Di questa esperienza, Simonitti relazionó in simposi, articoli,… convegni, ed alcuni articoli apparvero sulle riviste:

“Il Punto”,” L’architetto”, “ Ricostruzione”.

La chiesetta di San BORTOLO, di Vernasso, Goregnis é stata salvata, dalla programmata demolizione post terremoto del 1976, grazie al pronto intervento di Simonitti, che ne progettó e seguí il restauro.

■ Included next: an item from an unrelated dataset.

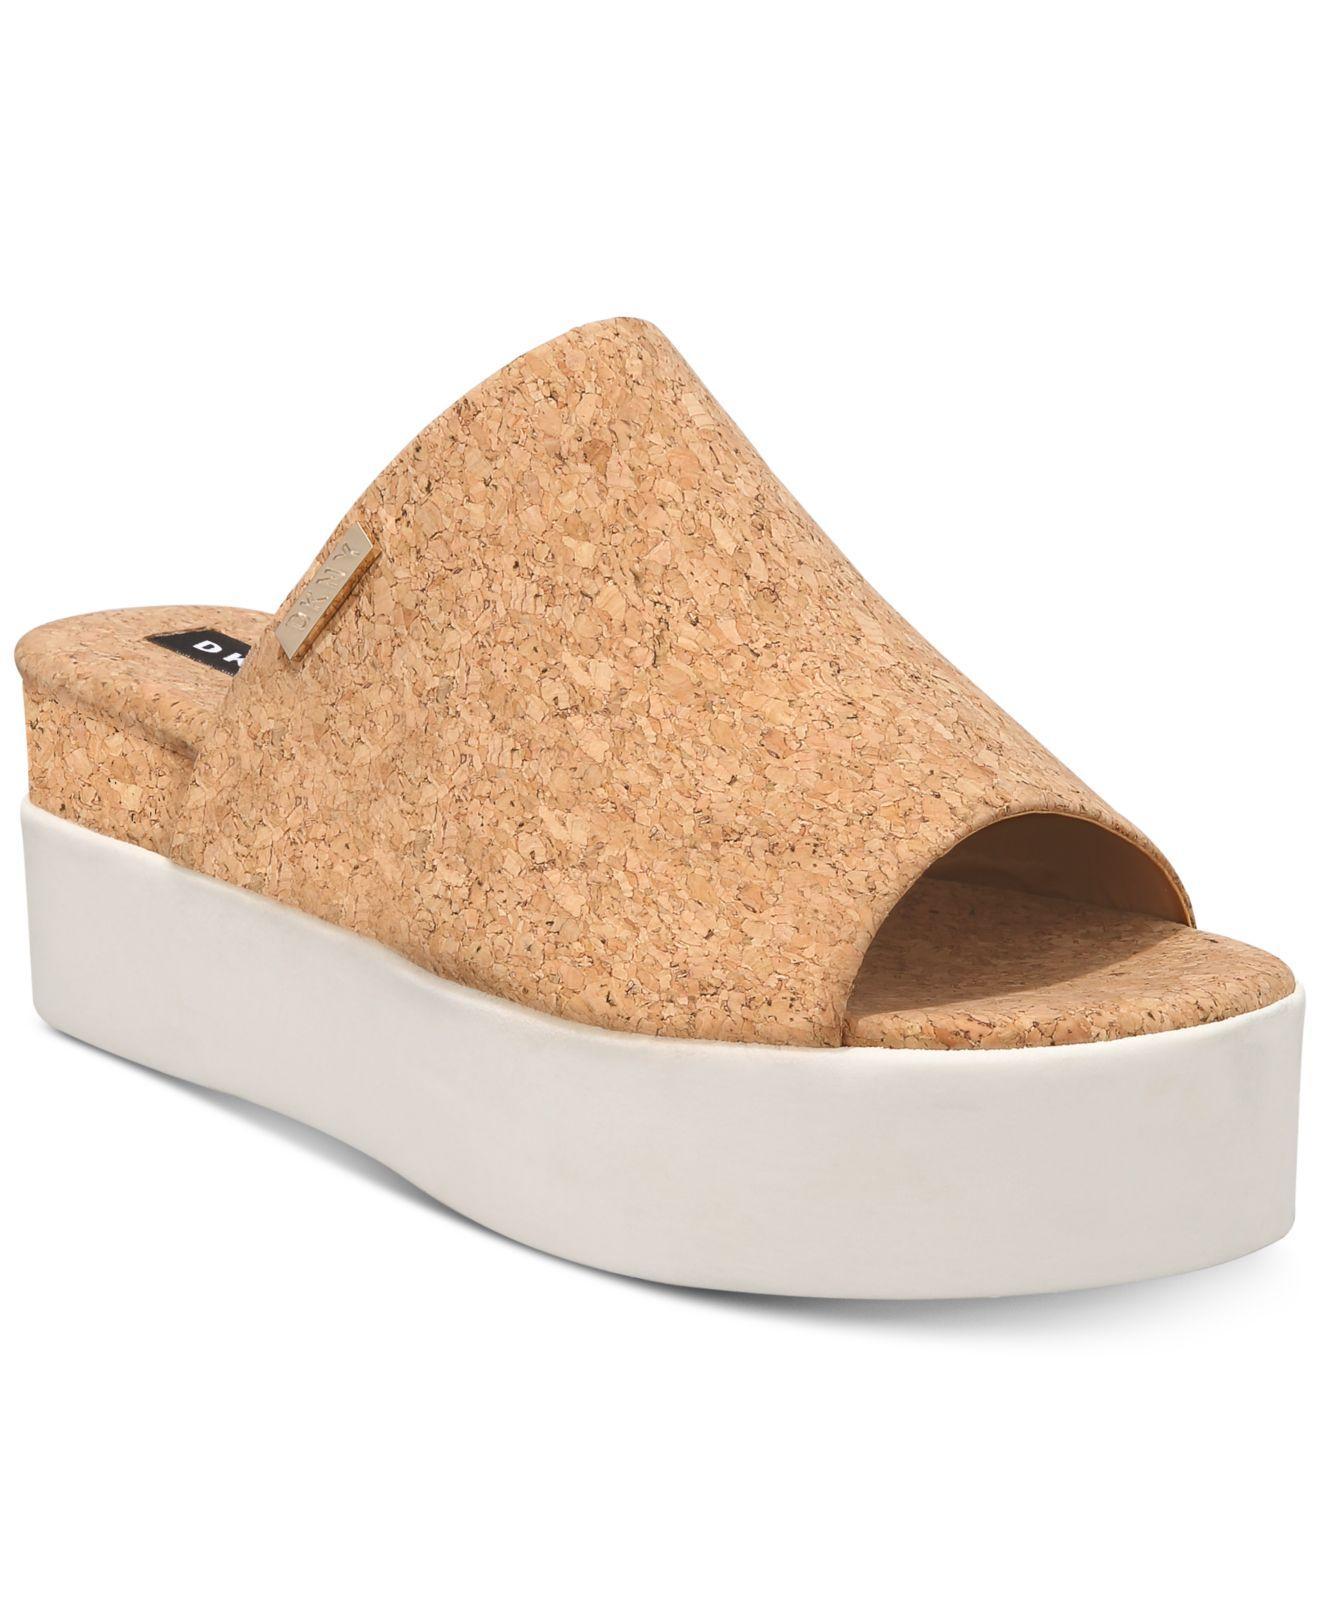 0553b22bd98 DKNY. Women s Natural Carli Sandals ...

Una galleria, situta nella canonica di Azzida, visitabile il mercoledí, il giovedí e la domenica dalle 10.30 alle 12.30, il venerdí dalle 17.00 alle 19.30 ed il sabato dalle 10.30 alle 12.30 o dalle 17.00 alle 19.30, raccoglie diverse ed interessanti memorie del nostro architetto Simonitti.

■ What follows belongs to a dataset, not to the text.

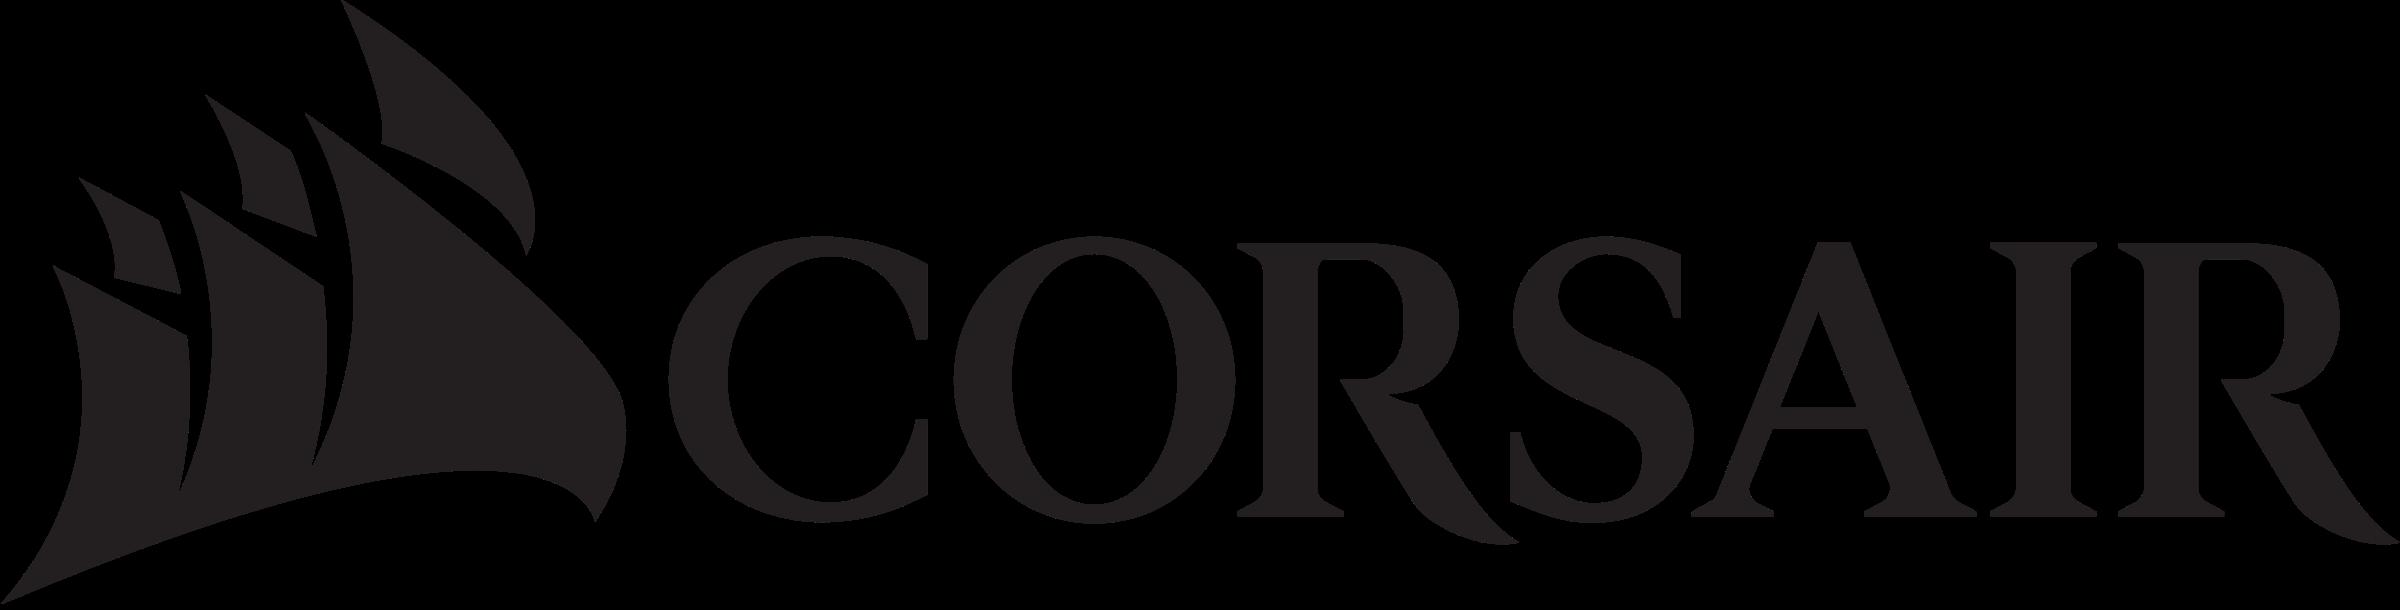 CORSAIR KEYBOARDS - Sunlit Computers

Ad Azzida, infatti, é stata istituita la GALLERIA V. Z SIMONITTI
Scrivania con oggetti personali.

Nel 1961, l’architetto M. D’Olivo, intravvedendo le potenzialitá e capacitá di “Zac”, lo prese come socio nel suo studio di Udine.

M.D’Olivo, (Udine,1929-1991), era giá un famoso architetto” organicosperimentale”, urbanista e pittore italiano.
Una delle sue opere piú famose, in Friuli , é la Spirale, detta “La Chiocciola” di Lignano Pineta(1955), che lo scrittore Ernest Hemingway ,in quel periodo a Lignano, volle ammirare , per poi congratularsi con lui.

Altre sue opere:”Il Villaggio del Fanciullo” a Trieste;
il Restauro della Moschea di OMAR a Gerusalemme

Hemingway e D'Olivo (dx)1955 , Lignano.

Nel 1978 lo chiamó Saddam Hussein, Baghdad, per il faraonico “Monumento del Milite Ignoto”: 260m.di diametro, che ha resistito alle 2 Guerre del Golfo. Nel 2009 Udine dedicó una mostra proprio al “Milite ignoto di Baghdad” progettato e realizzato dall architetto D’Olivo.

Tanto ancora si potrebbe aggiungere per descrivere e ricordare una personalitá come quella dell' architetto Simonitti.

Concludendo, possiamo tutti concordare nel ritenere questa persona importante per la nostra comunitá: sentiamoci orgogliosi e fieri di averlo conosciuto e frequentato, grati per quello che ci ha dato in umanitá e solidarietá, in capacitá tecnica e cultura.

Meritevole di essere ricordato anche dalle generazioni future e portato ad esempio di coraggio, tenacia, generositá e come grande architetto, conosciuto anche fuori dai nostri confini, a livello professionale e culturale .

La stradina che passa davanti alla sua casa natale con il vecchio mulino ad acqua, potrebbe essere meritevolmente a lui dedicata.